Software quality has advantages for companies that are very strongly in the "milking their 100% understood market where they have an overwhelming competitive advantage" phase. Large companies. And is between neutral and a disadvantage for nearly everyone else.

That doesn't mean you can't take pride in good software. Or that it isn't an accomplishment. But you want to write quality software for money ? Get a job at Google/Facebook. Better yet, get one at Bank of America, Exxon Mobil or Boeing. Or research it at university.


Depending on the situation a write unsafe fast fix later maybe the more economic approach. Especially if the code is more exploratory, changes a lot and large parts will be finally discarded.


It seems to me that letting yourself work under the assumption something may be easy to fix later when you add the safety constraints back is just asking for major pains when it isn't easy.
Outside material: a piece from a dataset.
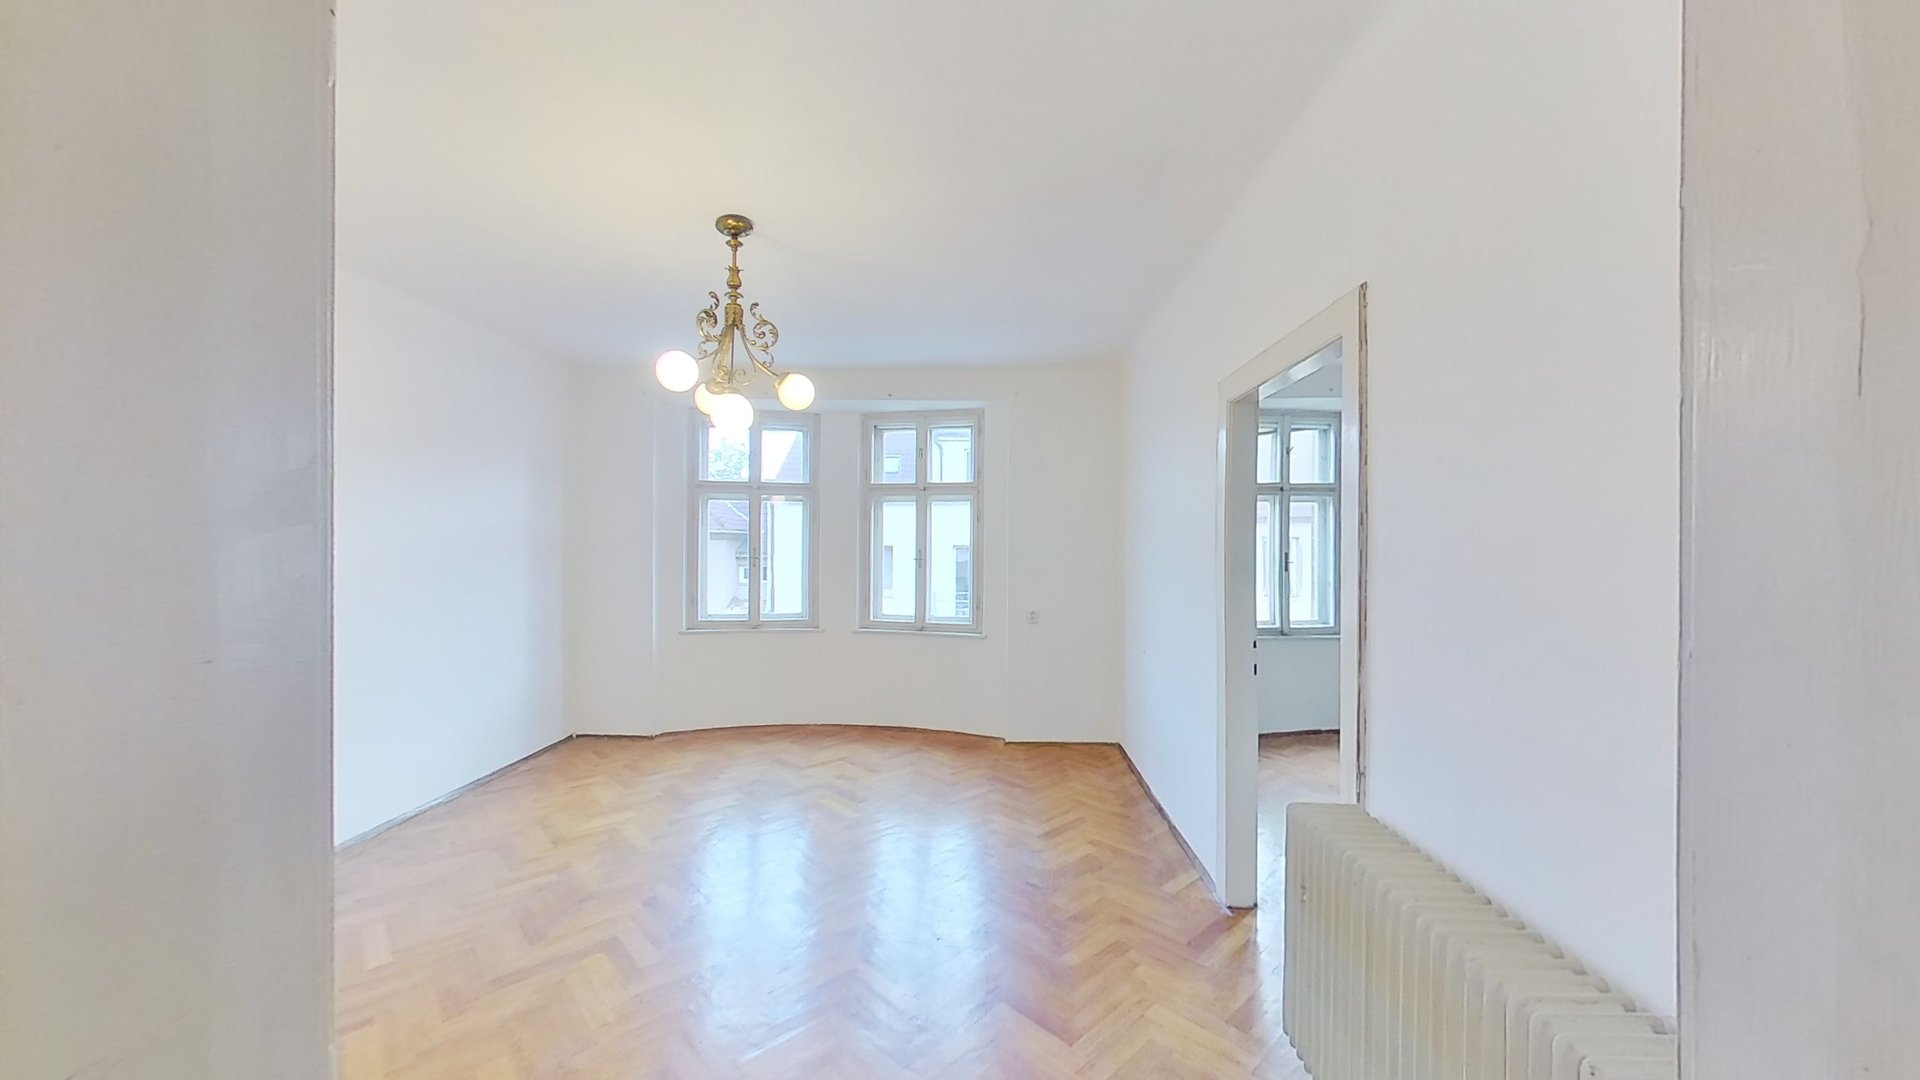 Prodej rodinného domu 250 m2 Tyršova, Brno

A wrong assumption at that level can render your entire algorithm unworkable if your plan was to make it safe in the end, since some patters just don't lend themselves to easy expression in rust. Then you're stuck with the choice, leave it unsafe and worry about it from them on, or rewrite it safely using an altered or entirely different algorithm. That doesn't seem like a gamble that's worth it to me.

Even for exploratory code. Unless it's such a performance critical portion of the project that I'm willing to write it in a different language for speed, why bait myself so?

If one of my goals for a project is to write somewhat functionally, I wouldn't start off with an exploratory approach using procedural techniques. I think we can all see what I'd probably end up with in the end, and it might work, but it probably wouldn't have some of the attributes I was hoping for.


I've found that more often, it should be reworded as "unsafe fast, painfully maintain without the resources to ever fix later".


The number of TODO's that litter code in general, or issues file to "cleanup" are generally significant. You're making a great point that accruing technical debt at the cost of safety, is quite possibly technical debt, like all other, that will never be paid down over the life of the software.

I completely agree.


What is this "fix later" you speak of?


Usually the "later" part never comes, specially in consulting, where there is only one shot to implement each module.


Unabashedly, I think leaving in it pure C would have been better. Well, if that was of their main reasons. Although, it sounds like they wanted more "infrastructure".

There is a lot of C infrastructure, almost anything can work with C too...


One-sided changes to build configuration sounds like an issue with code reviews though. It shouldn't be possible to merge something like that without others agreeing.